Expert Takeaways for Therapy Selection
Again, a stepwise approach can help guide individualized decision-making in obesity care. First, HCPs must identify the clinical target. This should consider any present comorbidities, complications, functional limitations, and patient goals, all of which will guide initial discussions and help define treatment priorities.
Next, HCPs should differentiate the available OMs based on their mechanism of action and potential impact on any present comorbidities. This includes evaluating GLP-1 receptor agonists vs dual GIP/GLP-1 receptor agonists, oral vs injectable therapies, and emerging treatment options to determine the most appropriate clinical fit.
The third step asks HCPs to apply appropriate safety rigor. That means screening for contraindications, reviewing the warnings and precautions, discussing potential AEs, and counseling on treatment-specific administration and titration requirements.
HCPs should then plan for treatment persistence, which might require them to address coverage, affordability, daily routines, treatment adherence, and follow-up requirements with patients. This should all be done before initiating an OM.
The final step requires HCPs to treat obesity as a chronic disease. Ongoing reassessment, dose adjustments, and course correction should be expected as part of the long-term management strategy. Weight maintenance is an important therapeutic objective, just as maintenance of blood pressure, glycemic, and lipid control are important in other chronic diseases.

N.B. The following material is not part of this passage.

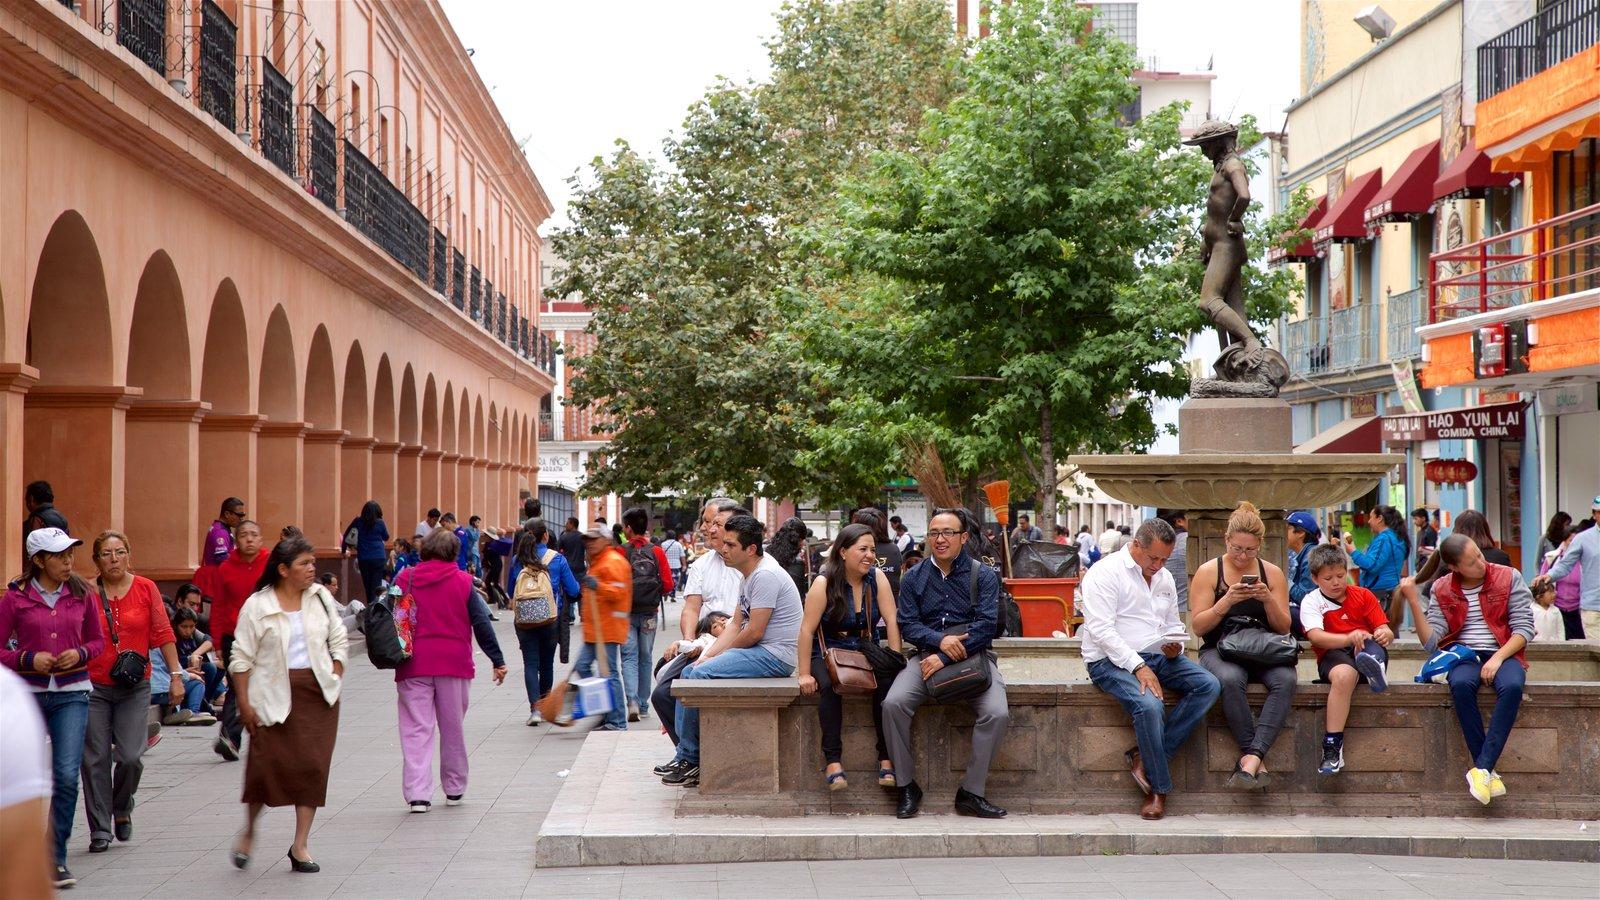 Toluca que incluye un parque o plaza y una fuente y también un pequeño grupo de personas

Finally, shared decision-making remains the foundation of this process. Effective shared decision-making incorporates both patient preferences and clinical judgment regarding comorbidities, long-term benefits, safety considerations, and practical treatment options.13,14
Patient Case Takeaway: Individualizing Obesity Therapy Selection
The key takeaway from this patient case is that obesity should be recognized as both a chronic and treatable disease.
OM selection should always consider patients’ goals, cardiometabolic risk, preferences, dosing feasibility, safety concerns, tolerability, cost, and coverage. Furthermore, treatment planning should always include a structured, longitudinal monitoring strategy that supports treatment response, persistence, and ongoing assessment of overall health outcomes.